CBC/Radio-Canada president and CEO Catherine Tait says the public broadcaster had no choice but launch legal action against the federal Conservative Party over its use of CBC/Radio-Canada materials in partisan advertising. (iStock)

CBC defends decision to sue Conservative Party over election ads

Journalistic independence is such an important principle that Canada’s public broadcaster had no choice but to launch legal action against the Conservative Party for using excerpts of its on air reports and programs in partisan advertising, says the head of the Canadian Broadcasting Corporation (CBC).

“All public broadcasters depend on public trust,” CBC/Radio-Canada president and CEO Catherine Tait said in a statement released Wednesday. “They can’t exist without it. People must have confidence that the public broadcaster and its journalists are impartial; that they exist to serve the public and not the government or any political party.”

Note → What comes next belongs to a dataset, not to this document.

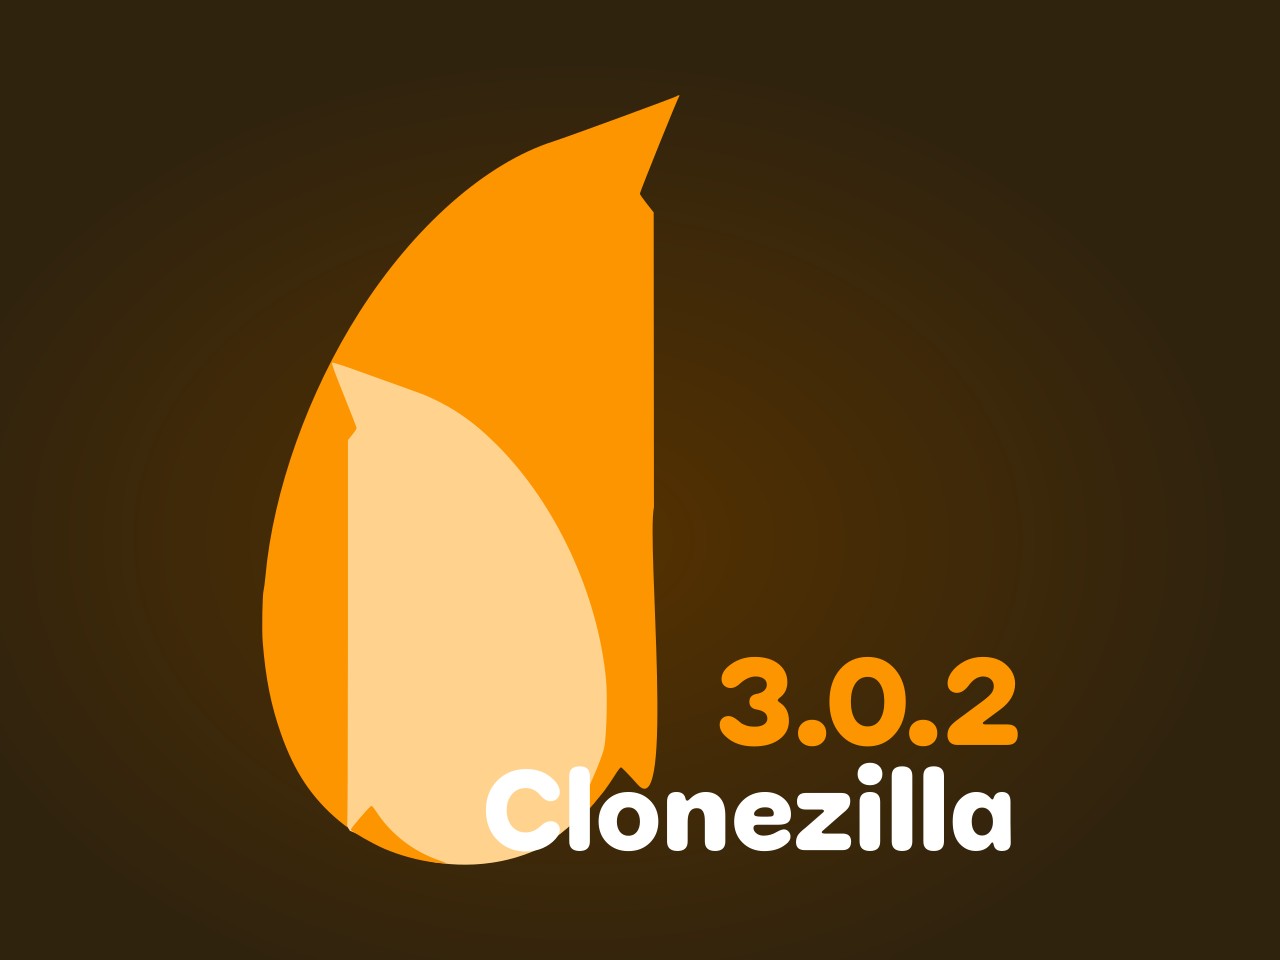 Clonezilla Live 3.1.1-27 for ipod instal

That’s the reason why CBC/Radio-Canada, like other media organizations, does not allow any political party to take excerpts of its journalism and use them out of context, in partisan advertising, Tait said.

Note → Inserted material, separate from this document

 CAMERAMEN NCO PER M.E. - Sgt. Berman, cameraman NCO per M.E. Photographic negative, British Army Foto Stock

“Using our content, and footage of our journalists out of context, risks creating the impression that CBC/Radio-Canada supports the messages in the advertising,” Tait said. “Even worse, it leverages our reputation for trust and impartiality in order to give legitimacy to a partisan position.”

A matter of public trust

Such partisan use of CBC/Radio-Canada materials can undermine the public’s trust and is particularly dangerous in a digital environment where news organizations are increasingly attacked by actors who want to weaken support for credible, trusted news, she added.

“CBC/Radio-Canada does not take sides in election campaigns,” Tait said. “But if we allow our material to be used for partisan purposes, then we risk appearing to have done precisely that.”

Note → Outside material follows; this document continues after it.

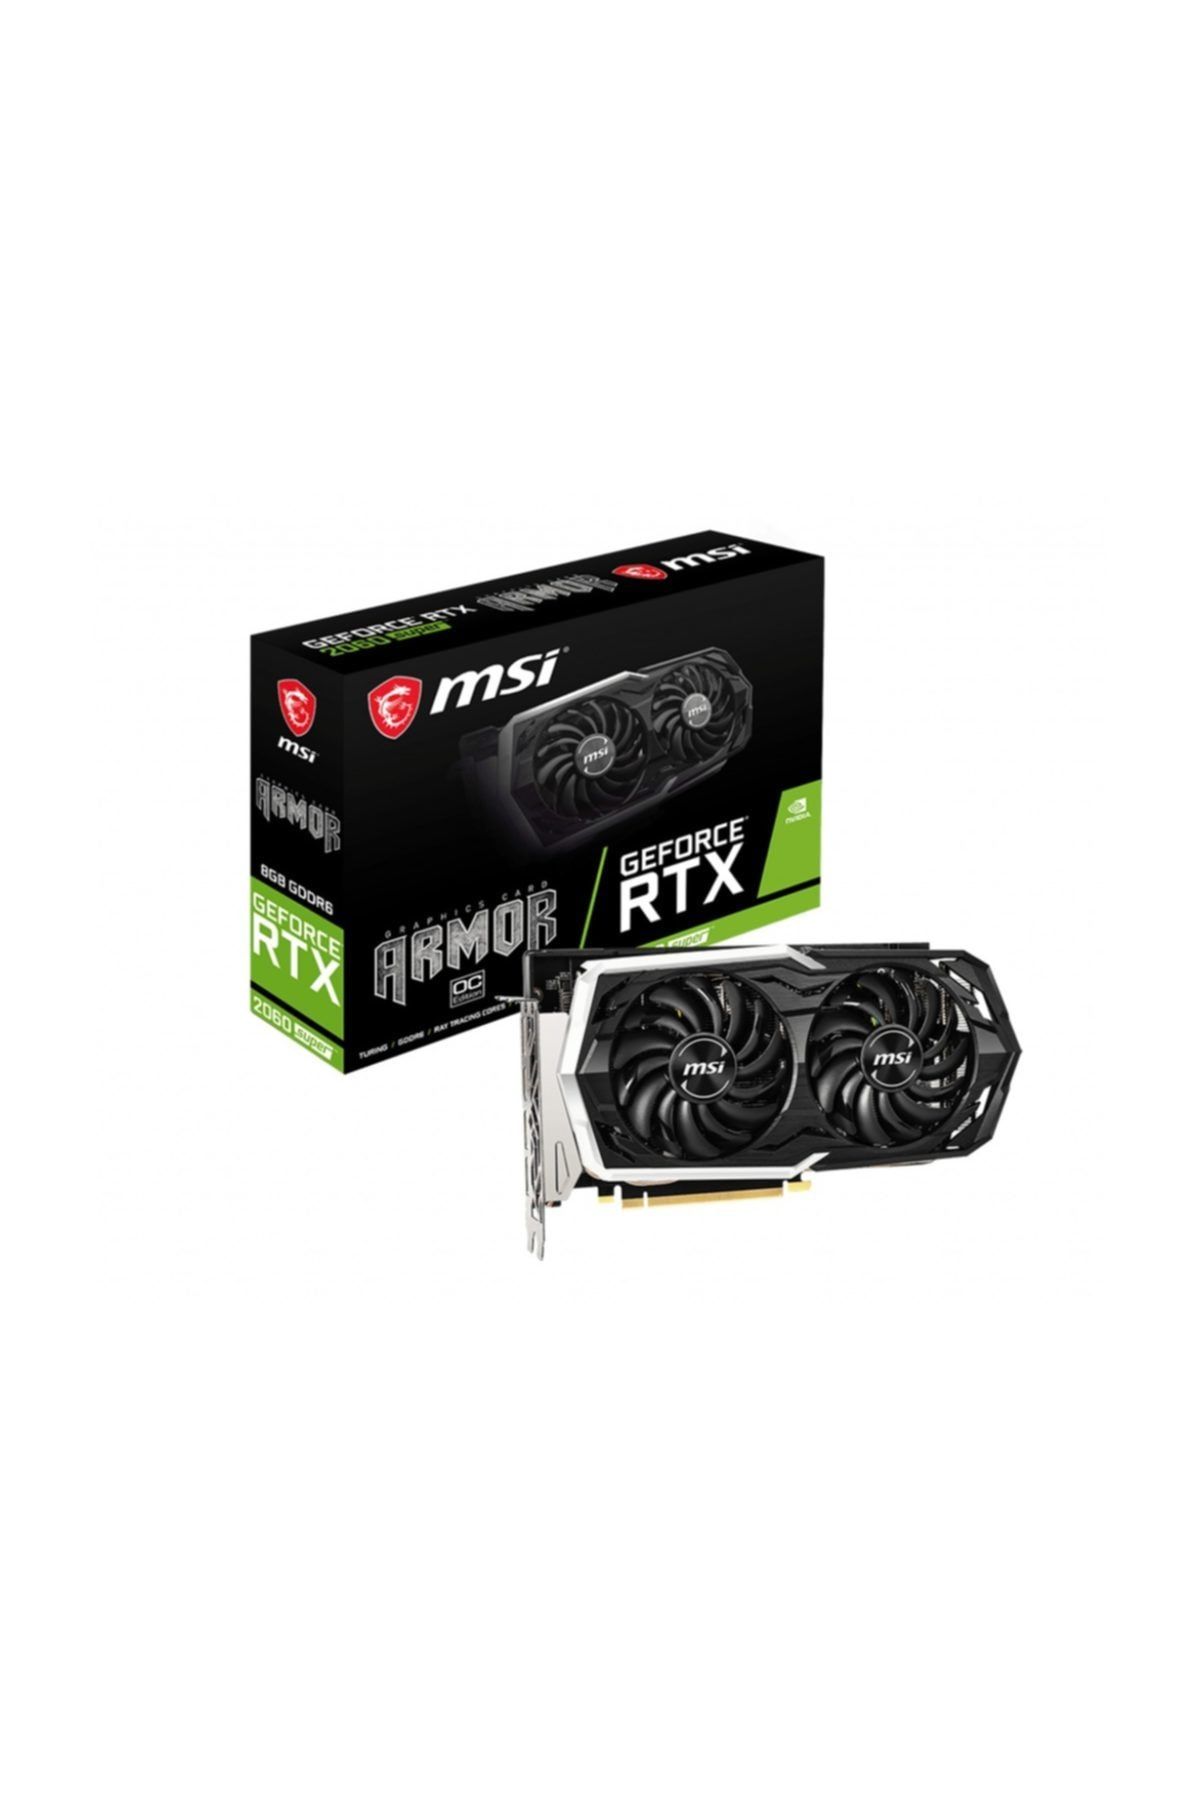 MSI GeForce RTX 2060 SUPER ARMOR OC RTX2060S 8GB GDDR6 256B (1XHDMI 3XDP) Ekran Kartı

She said the public broadcaster made clear to all political parties at the start of the current election campaign that it will not tolerate the use of CBC/Radio-Canada content in partisan ads and it would take action against any party if that happened.

However, on Oct. 4, the Conservative Party published a video on its website, Facebook page and YouTube page. The video contained excerpts from an “At Issue” segment from CBC’s The National; a comment from a CBC journalist on Power and Politics and commentary from The National.

It also contained two excerpts from a CBC Politics broadcast of a town hall event, which were edited to appear as if they were a single segment.

“This was a ‘mashup’ of our journalistic content to serve a partisan purpose,” Tait said, adding that the excerpts were taken out of context.

A partisan tactic

On Oct. 7 and 8, the Conservative Party published a series of tweets on its English and French Twitter accounts including video excerpts from the English-language Federal Leaders’ Debate, one of them with the CBC News Network logo, and the Party’s own commentary.

This misuse of CBC/Radio-Canada content risked distorting the public broadcaster’s impartial role in the political process, Tait argued.

On Oct. 7 and 8, CBC/Radio-Canada wrote to the Conservative Party requesting that they stop using CBC/Radio-Canada material in their political advertising and partisan messages, Tait said.

The Conservative Party did not comply and it was only after CBC/Radio-Canada threatened to seek a court injunction to stop their continued use, that they removed the ads and tweets on Oct. 10, Tait said.

“This tactic of publishing material without permission, for several days, and then complying with the rules only when faced with Court action, also serves a partisan interest,” she said.

During the 2015 election campaign, several parties used CBC/Radio-Canada content in partisan advertising.

Not ‘fair dealing’

Tait also defended including the names of The National co-host Rosemary Barton and parliamentary bureau reporter John Paul Tasker as applicants in the filing, along with the corporation in the legal action against the Conservative Party.

Critics of that move by the CBC management say it damaged the perception of impartiality of these journalists, especially since Barton was one of the moderators of the English-language leaders’ debate.

“We do not agree, and in the interest of clarity, we are removing their names from the court application,” Tait said. “It is CBC/Radio-Canada that is taking this action in order to protect the independence of our journalists. We have absolute confidence in their ability to report fairly and to hold politicians – all politicians – to account on behalf of Canadians.”

Critics of CBC’s legal action also argue that under the “fair dealing” exemption contained in Canada’s Copyright Act, parties should be able to use journalistic material created by the public broadcaster, which is financed by the taxpayers’ money, for partisan ads.

Tait said the use of CBC/Radio-Canada materials for partisan ads does not fit the definition of “fair dealing” and it meets none of the exemptions permitted under the Act.

“No organization wants to take any political party to court,” she said. “We have made every effort to avoid having to take this action. But the likelihood of a repeat of this tactic even during the current campaign, and the damage it can do to the confidence Canadians have in our journalism, requires that we respond.”